A member of one preview audience observed, ''There are no surprises here.'' That states the problem of ''Up From Paradise'' as dramatic fare. One of Mr. Miller's solutions is to mingle naive Adamic remarks (''Are we going to name more things today?'') with a touch of psychoanalysis in the cases of Cain and Abel and an imaginary extension of the conflict between the Lord (Len Cariou) and Lucifer (Walter Bobbie), who sports red tie and suspenders.

''Up From Paradise'' is playful but not frivolous, sophisticated but not superficial. Mr.

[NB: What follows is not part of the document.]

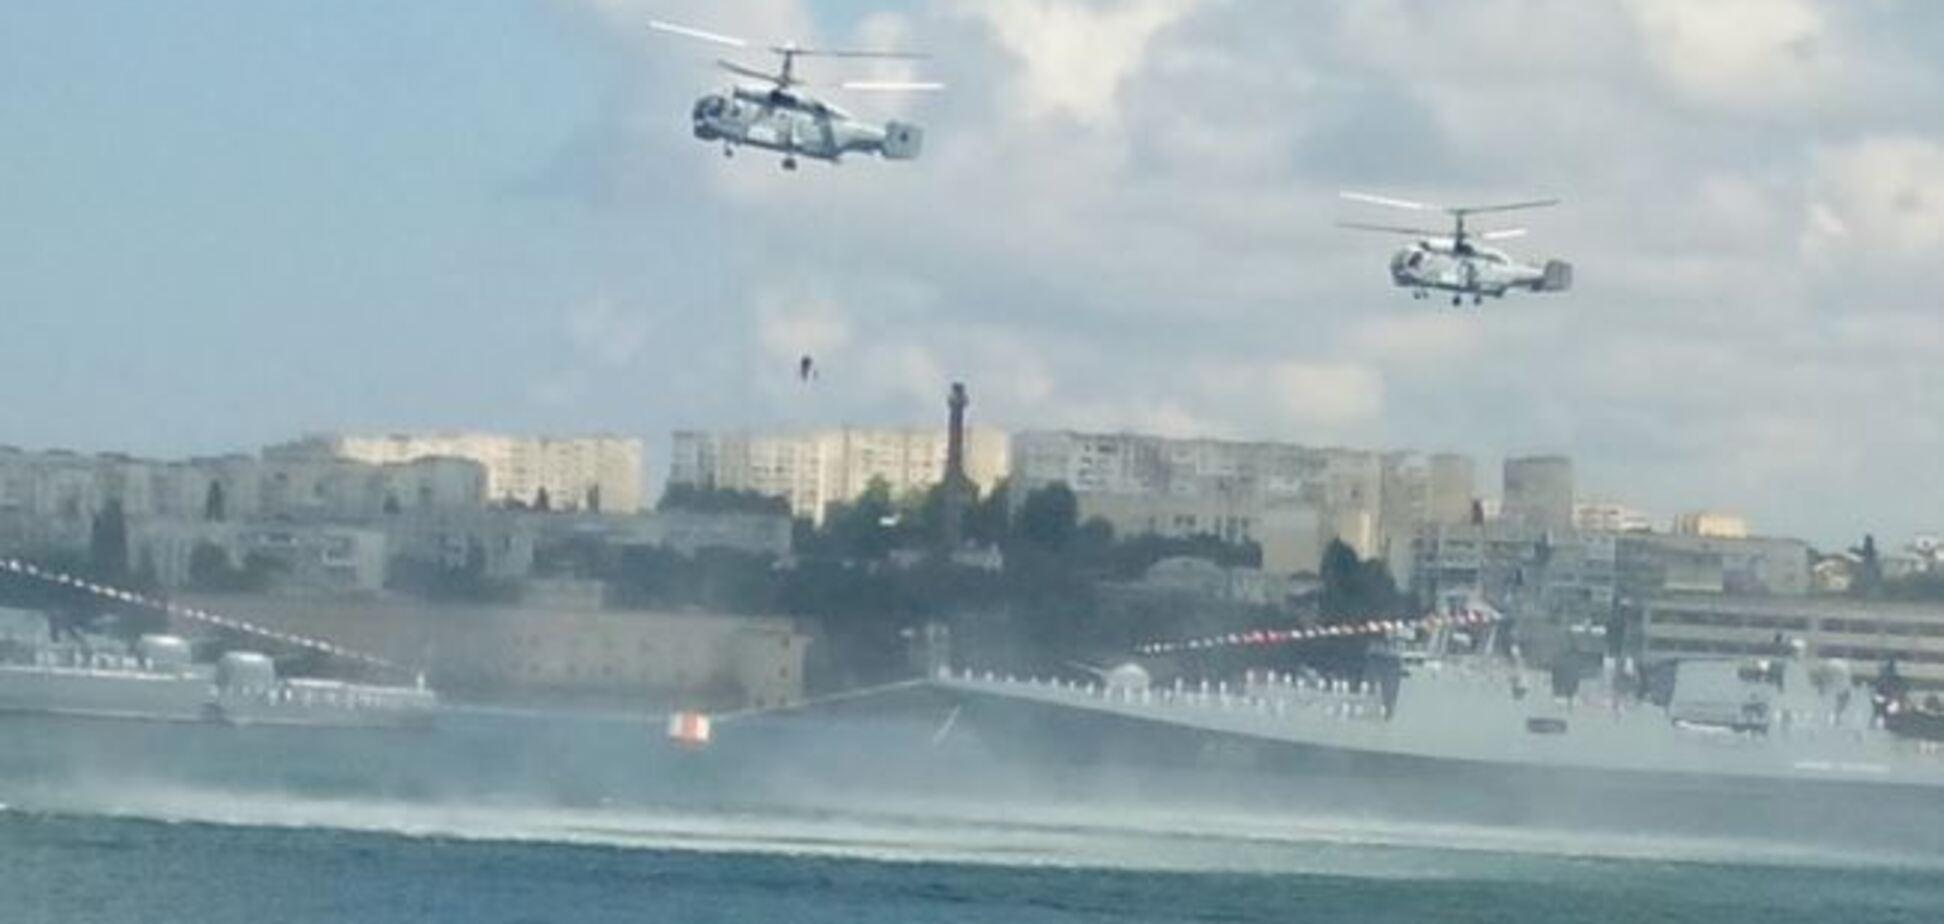 Чуть не утонул: российские военные эпично опозорились в Севастополе

Miller has brought to it the earnest commitment and conviction that enable an appreciative cast and perceptive director to create sharply realized characters from this humanist version of a scriptural account that holds deep meanings for the Judeo-Christian world. In its treatment of the allegorical creation, of Adam and Eve, and of Cain and Abel, ''Up From Paradise'' presents a timeless domestic situation, a comic and serious fantasy about an anthropomorphic God and his errant children, the first family's exile from paradise, and how the race of Adam came to be as it is.

Stanley Silverman's score embellishes the fable with a variety of songs. They range from the annunciatory ''The Lord is a Hammer of Light,'' performed by a trio of kibitzing angels, to the climactic finale, ''Never See the Garden Again, '' chorused by the nine cast members. Mr. Silverman draws on assorted musical modes: pop-ecclestiastical (with ''Hallelujahs'' galore), piano-bar chic, blues, gospel, ragtime, and even a gritty gesture to Brecht-Weill.

With Mr. Cariou's strong vocalism setting the tone, the musical performance is generally excellent. Miss Playten is at first naively touching and later touchingly maternal as Eve. Though somewhat weak in the vocal department, Austin Pendleton portrays a suitably deferential Adam. Adam's boys are sturdily played by Paul Ukena Jr. (Cain) and Lonny Price (Abel). Mr. Bobbie's Lucifer is a furiously intense and contentious about-to-be-fallen angel. A word of praise is due the seraphic trio: Raymond Murcell, Avery J. Tracht, and Richard Frisch. The Verona Winds quintet, conducted by Michael Ward at the piano, provides splendid accompaniment.

Although Mr. Miller's jocular liberties may prove too flippant for some and his perceptions not profound enough for others, ''Up From Paradise'' deserves the care and skill Mr. Avni and his colleagues have lavished on it. Michael C. Smith's all-black setting suggests a nightclub stage, with an impressionistic screen to deepen the background. Marie Ann Chiment is credited with the tuxedos for the Old Testament males and for Eve's less classy wardrobe. The lighting is by Dan Kinsley.